Main risk factors are diet and family history.
Diet. Eating a diet that’s high in meat and seafood and high in beverages sweetened with fruit sugar (fructose) promotes higher levels of uric acid, which increases your risk of gout. Alcohol consumption, especially of beer, also increases the risk of gout.
Family history of gout. If other members of your family have had gout, you’re more likely to develop the disease.
- Recurrent joint pain
- Destruction of joints
- Tophi formation: deposits of urate crystals to form under the skin in nodules called tophi. Tophi can develop in several areas such as your fingers, hands, feet, elbows or Achilles tendons along the backs of your ankles. Tophi usually aren’t painful, but they can become swollen and tender during gout attacks.
- Kidney stones.
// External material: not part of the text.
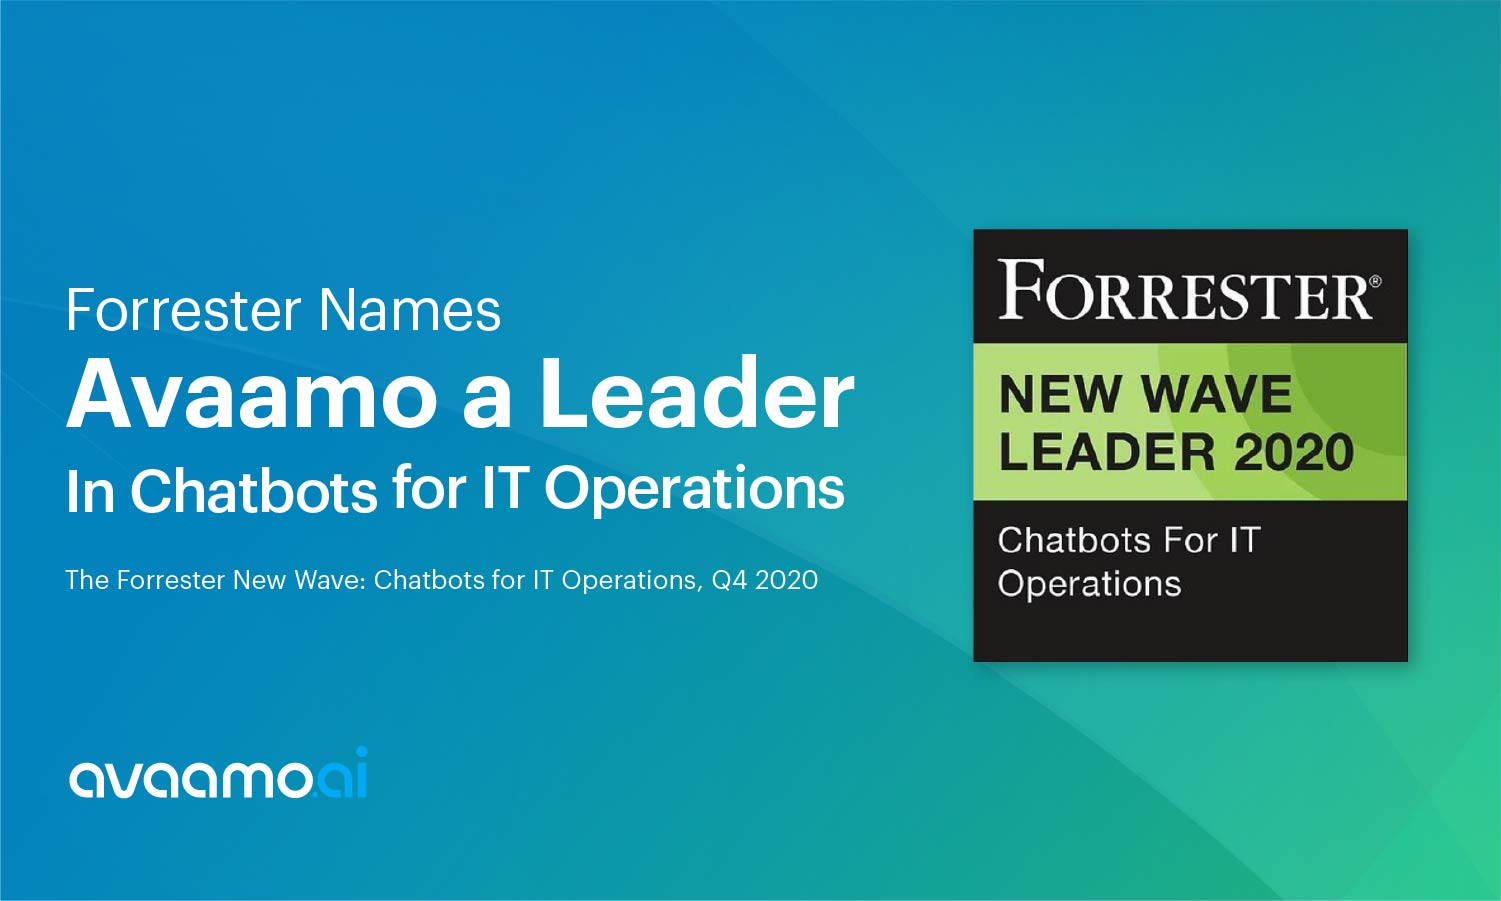 Forrester names Avaamo Leader in AI chatbots for IT operations

Urate crystals may collect in the urinary tract of people with gout, causing kidney stones.
Medications to treat gout attacks
Drugs used to treat acute attacks and prevent future attacks include:
- Nonsteroidal anti-inflammatory drugs (NSAIDs)
Medications to prevent gout complications
- Medications that block uric acid production. Drugs called xanthine oxidase inhibitors, including allopurinol (Aloprim, Lopurin, Zyloprim) and febuxostat (Uloric), limit the amount of uric acid your body makes. This may lower your blood’s uric acid level and reduce your risk of gout.
- Medication that improves uric acid removal. Probenecid (Probalan) improves your kidneys’ ability to remove uric acid from your body. This may lower your uric acid levels and reduce your risk of gout, but the level of uric acid in your urine is increased. Side effects include a rash, stomach pain and kidney stones.
Surgical Treatment: Reserved for kidney stones
- Keep your fluid intake high. Stay well-hydrated, including plenty of water. Limit how many sweetened beverages you drink, especially those sweetened with high fructose corn syrup.
- Limit or avoid alcohol. Talk with your doctor about whether any amount or type of alcohol is safe for you. Recent evidence suggests that beer may be particularly likely to increase the risk of gout symptoms, especially in men.
- Get your protein from low-fat dairy products. Low-fat dairy products may actually have a protective effect against gout, so these are your best-bet protein sources.
- Limit your intake of meat, fish and poultry. A small amount may be tolerable, but pay close attention to what types — and how much — seem to cause problems for you.